Reviewed by: Loretta Hall
Title: How to Astronaut: An Insider’s Guide to Leaving Planet Earth
Author: Terry Virts
NSS Amazon link for this book
Publisher: Page Street Publishing
Date: September 15, 2020
Retail Price: $27.95/$21.95
How to Astronaut dishes out glimpses into everyday life in space in bite-size pieces. Each of the 51 chapters describes a type of experience Terry Virts encountered during his two space missions. One was a short, two-week expedition as space shuttle pilot of Endeavour in 2010 to install the famous Cupola on the International Space Station (ISS). The other was a nearly nine-month stay aboard the ISS in 2014-2015, during part of which he served as station commander. That time, he launched and returned on a Russian Soyuz spacecraft.
Virts is candid in recalling his experiences and emotions in space. For instance, his descriptions of getting ready for the shuttle launch are quite detailed. “The first step to suiting up in an ACES [NASA acronym for spacesuit] was to put on a MAG (NASA acronym for diaper). Yup, a diaper.” After a step-by-step account of putting the spacesuit on and traveling to the launch pad, Virts describes boarding the shuttle: “I crawled through the hatch in that bulky suit, disoriented from the shuttle being in a vertical position, 90 degrees different from what I was used to from training in Houston…. The actual strap-in was painful. You had to wedge yourself into the seat, feet on the rudder pedals, trying not to step on or smash any critical switches or the control stick, all while overheating in a forty-pound spacesuit, with a parachute on your back…. The entire strap-in process took an hour.”
Don’t get the wrong idea. Virts isn’t complaining. He loves having been an astronaut with the opportunity of flying two missions. He just doesn’t pull any punches. That makes for fascinating reading, with the feeling that we are getting a true, unvarnished depiction of life in space.

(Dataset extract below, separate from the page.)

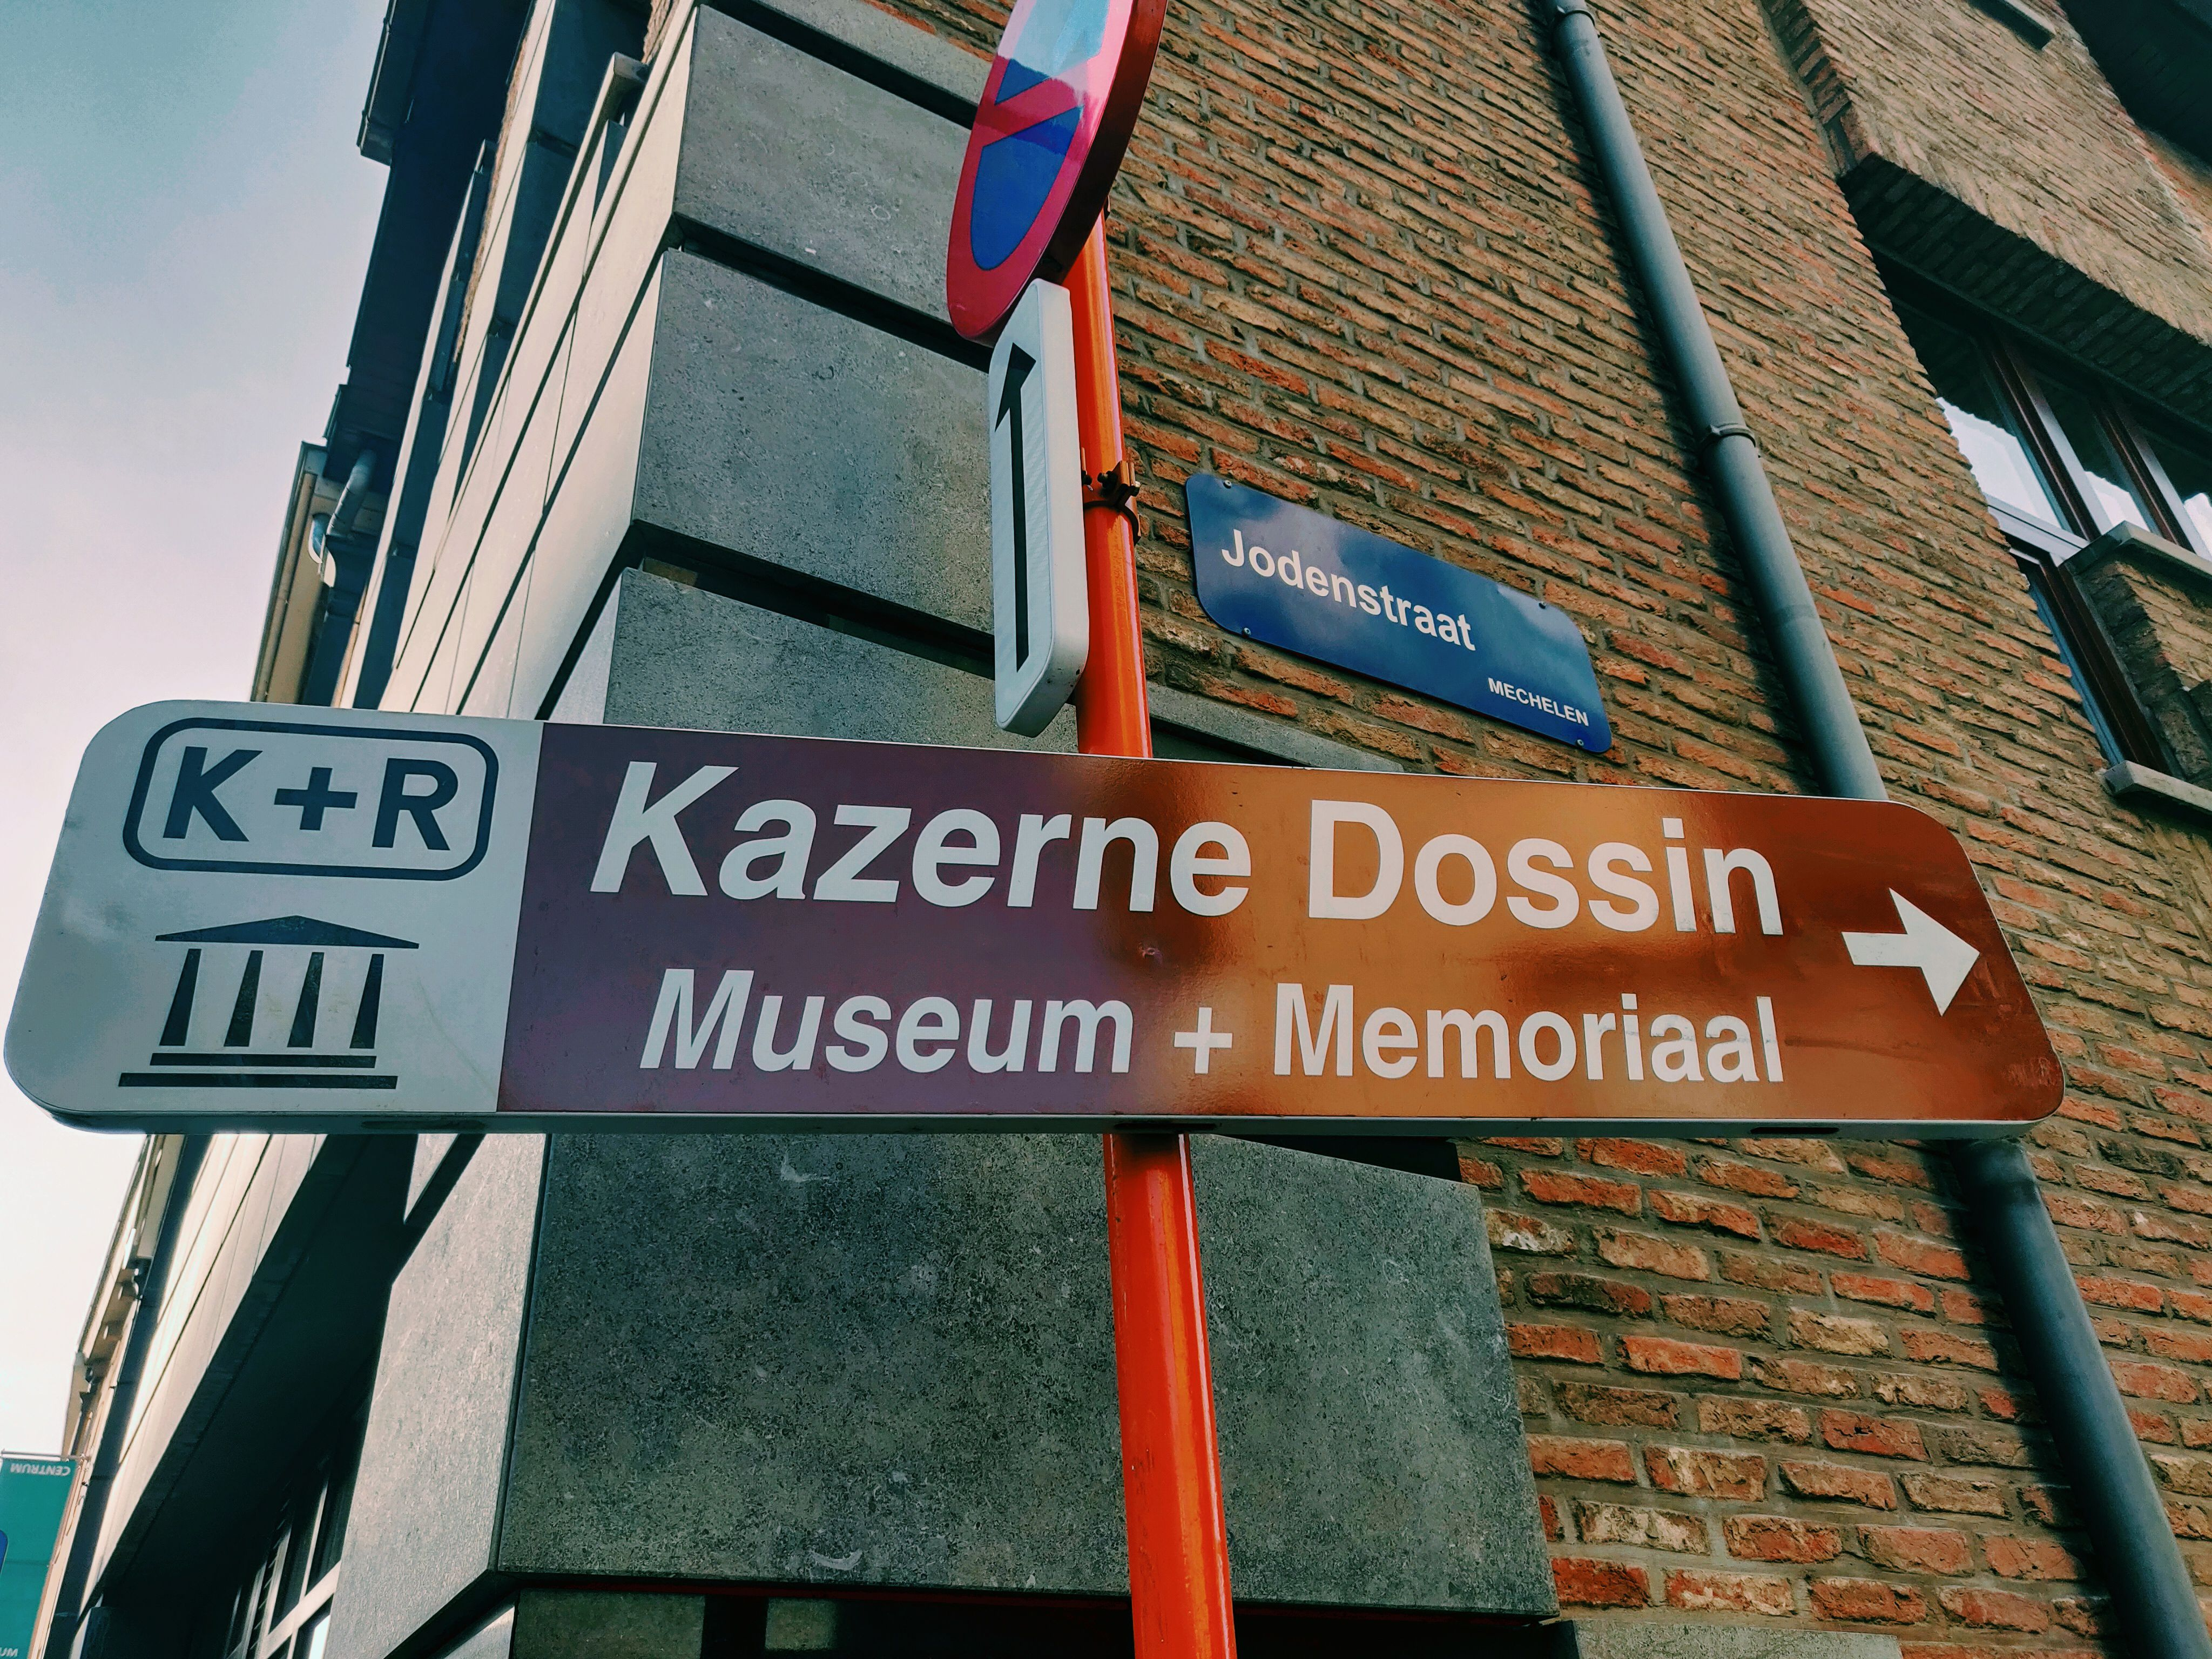 Houding Raad van Bestuur Kazerne Dossin is onrustwekkkend

One of the effects I hadn’t heard of before appears in the chapter titled “The Human Body Beyond Earth.” Virts writes, “I would occasionally tap my feet on a hard surface and … Zap! An electric, nerve-tingling sensation.” After returning to Earth, he asked a fellow astronaut, who was also a medical doctor, about that experience. He was told that the phenomenon was rare, but that one astronaut who had experienced it still has one numb leg, a few years after returning to Earth. Virts wonders, “How the heck did I spend a decade as an astronaut, talking to nearly everyone about their space experience, being trained as a Crew Medical Officer, working with NASA docs, and not hear about this?”
It is common knowledge that an astronaut’s body increases in length during spaceflight, as much as two inches, but returns to normal shortly after getting back on solid ground. Apparently, the intermittent sensation of Virts’s foot being asleep was caused by stretching of nerves, which elongated at a different rate than muscles.
Virts also had pleasant experiences too, especially visual ones. As an avid photographer, he found those particularly impressive. He describes the spectacular view from the pilot’s seat while his shuttle reentered the atmosphere in darkness: “At first there was a gentle pink glow, a brighter orange and then red, accompanied by a flashing white light above the overhead window…. The plasma was slowly swirling around, like eddies and currents on a pond. I reached up, pulled my hand out of my glove, and felt the window, which surprisingly wasn’t at all hot.”
How to Astronaut is easy to read, and its brief chapters make it convenient for making good use of short time windows. It contains a nice balance of nitty-gritty details of living in space and the emotional and intellectual analyses of the experiences. I highly recommend it.